Re: [xsl] Hyphenation in XSL FO

Subject: Re: [xsl] Hyphenation in XSL FO
From: David Carlisle <davidc@xxxxxxxxx>
Date: Thu, 11 Jan 2001 13:13:20 GMT
> I wouldn't say English is the hardest. In Swedish, there are many compound
> words, like "sidlayout" (page layout) or "dokumenthantering" (document
> management). In these two examples, there are only one natural place for a
> hyphen.

Ah yes languages with compound words, they are always fun:-)
TeX actually doesn't cope with them too well, you have to rely on the
patterns being able to spot such words. However the TeX algorithm
could cope, several people have proposed modifying things so the
algorithm is run with two passes, the first with a set of patterns
designed to allow breaks at compound word breaks, the second (if the
language allows it) to allow less desirable hyphens obtained by
hyphenating each of the constituent parts. (I'd report what hypheantion
TeX gives for your examples, but strangely enough I don't have the
swedish patterns loaded into my teX setup)

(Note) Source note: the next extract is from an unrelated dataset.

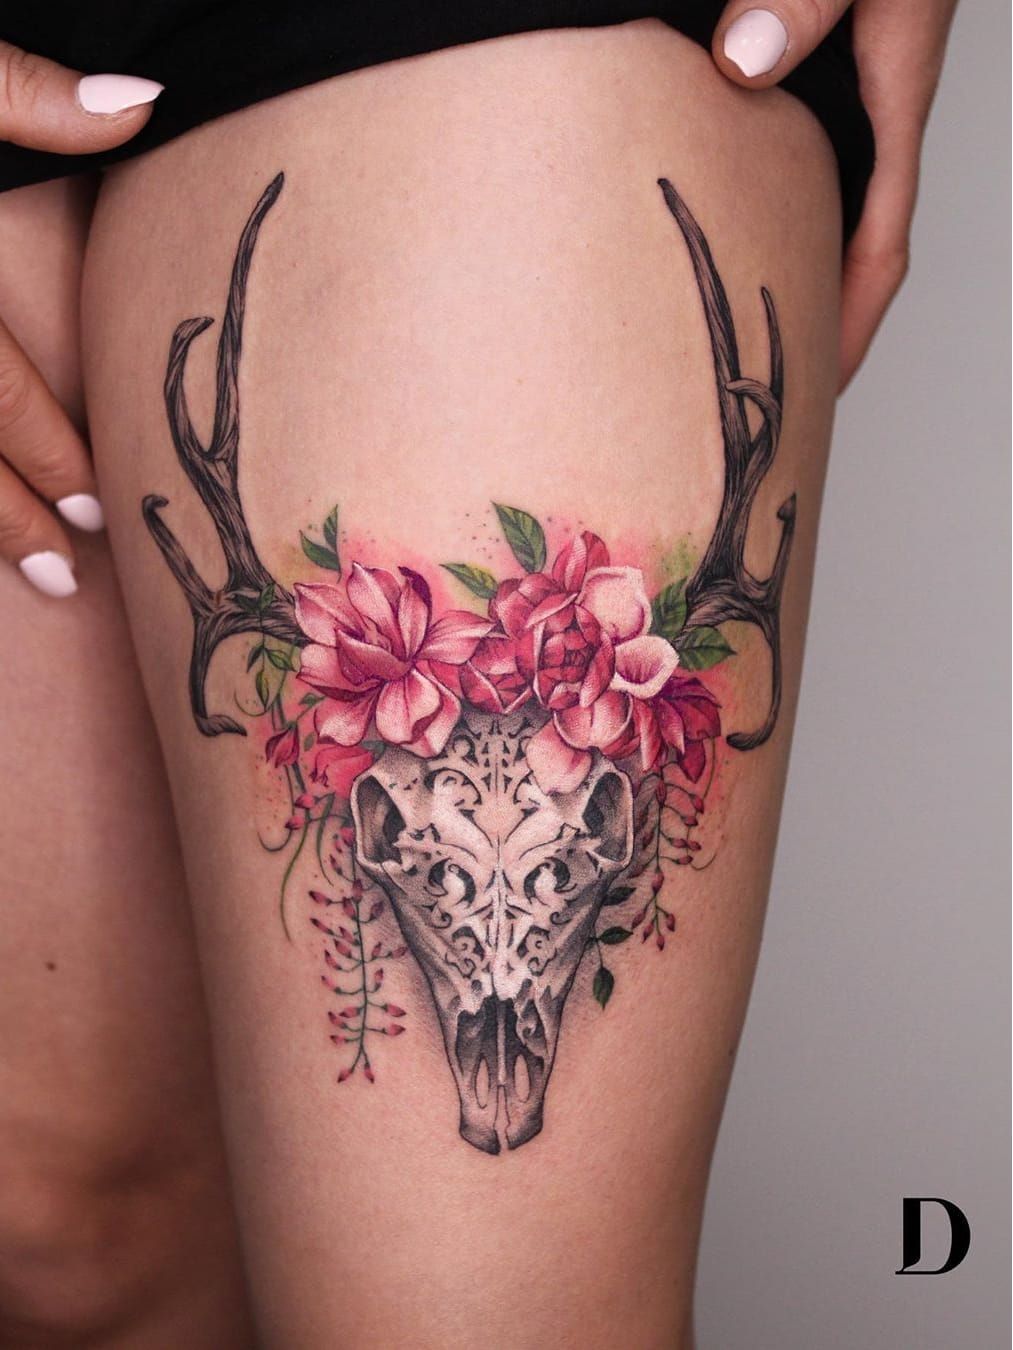 Cow skull and flowers tattoo  Aaron Casas  Cow skull tattoos Bull tattoos  Bull skull tattoos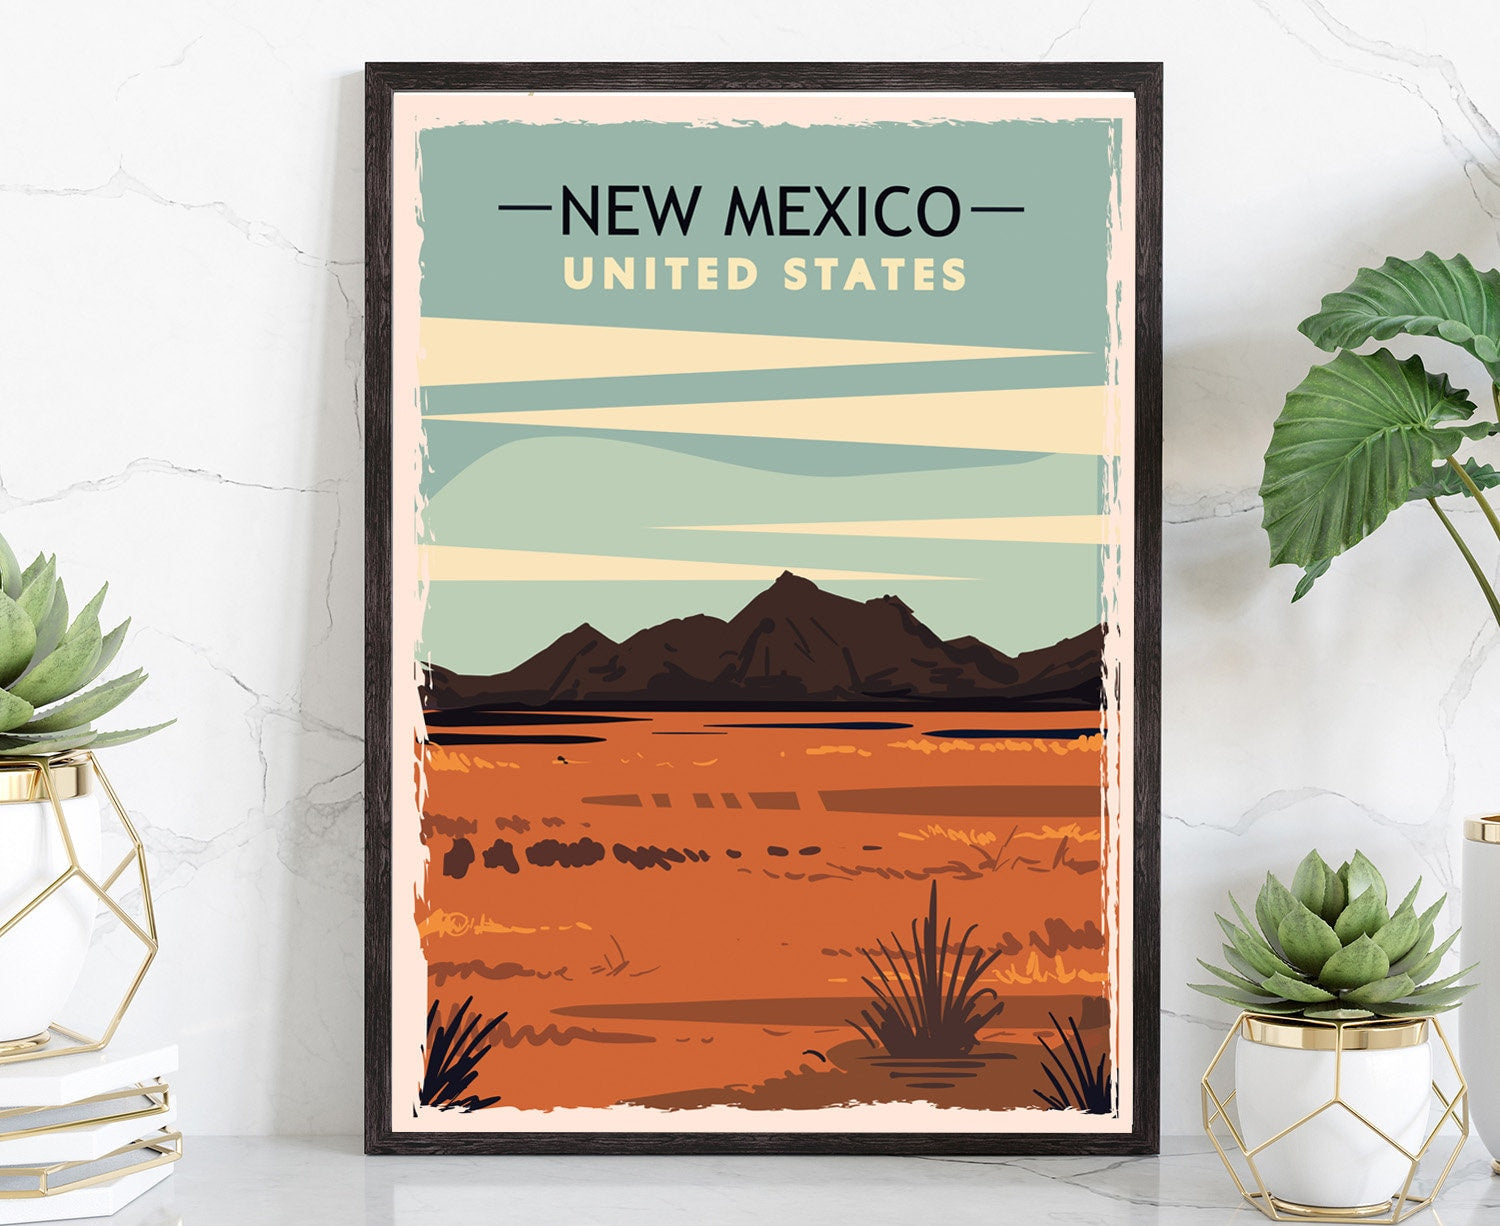 New Mexico Vintage Rustic Poster Print, Retro Style Travel Poster

The reason why I said English was hard is that unlike some other
languages, it is almost all exceptions to rules, especially using
UK traditions, where hyphenation is based largely on etymology
rather than spelling or punctuation.

> Smart, I didn't think of that. Hope implementors do. There's no obvious
> reason for a special treatment of no-break spaces or soft hyphens in FO, is
> it?

One assumes they will (xmltex implementation certainly does) It doesn't
need special mention in the FO spec as FO files can contain any
character data, the meaning of those characters are specified by Unicode.
So to help with breaking you have non breaking spaces, zero width
spaces, hypen(2010), non-breaking hyphen(2011), soft hyphen (AD)

> But generally, I
> hope that some implementation of FO will be able to do the same work in the
> near future.

well clearly the xmltex implementation has access to (and uses) TeX's
hyphenation rules.

Some people have asked about Liang's algorithm being online.
His PhD thesis is not available I believe.
The algorithm is described in appendix H of the TeXBook, the source of
which is available at any TeX archive, eg

it might be a bit hard to read (it's TeX source), but it is just a
straight ascii file.

(You won't find the typeset version online as that would break
the distribution conditions; you are supposed to get the book:-)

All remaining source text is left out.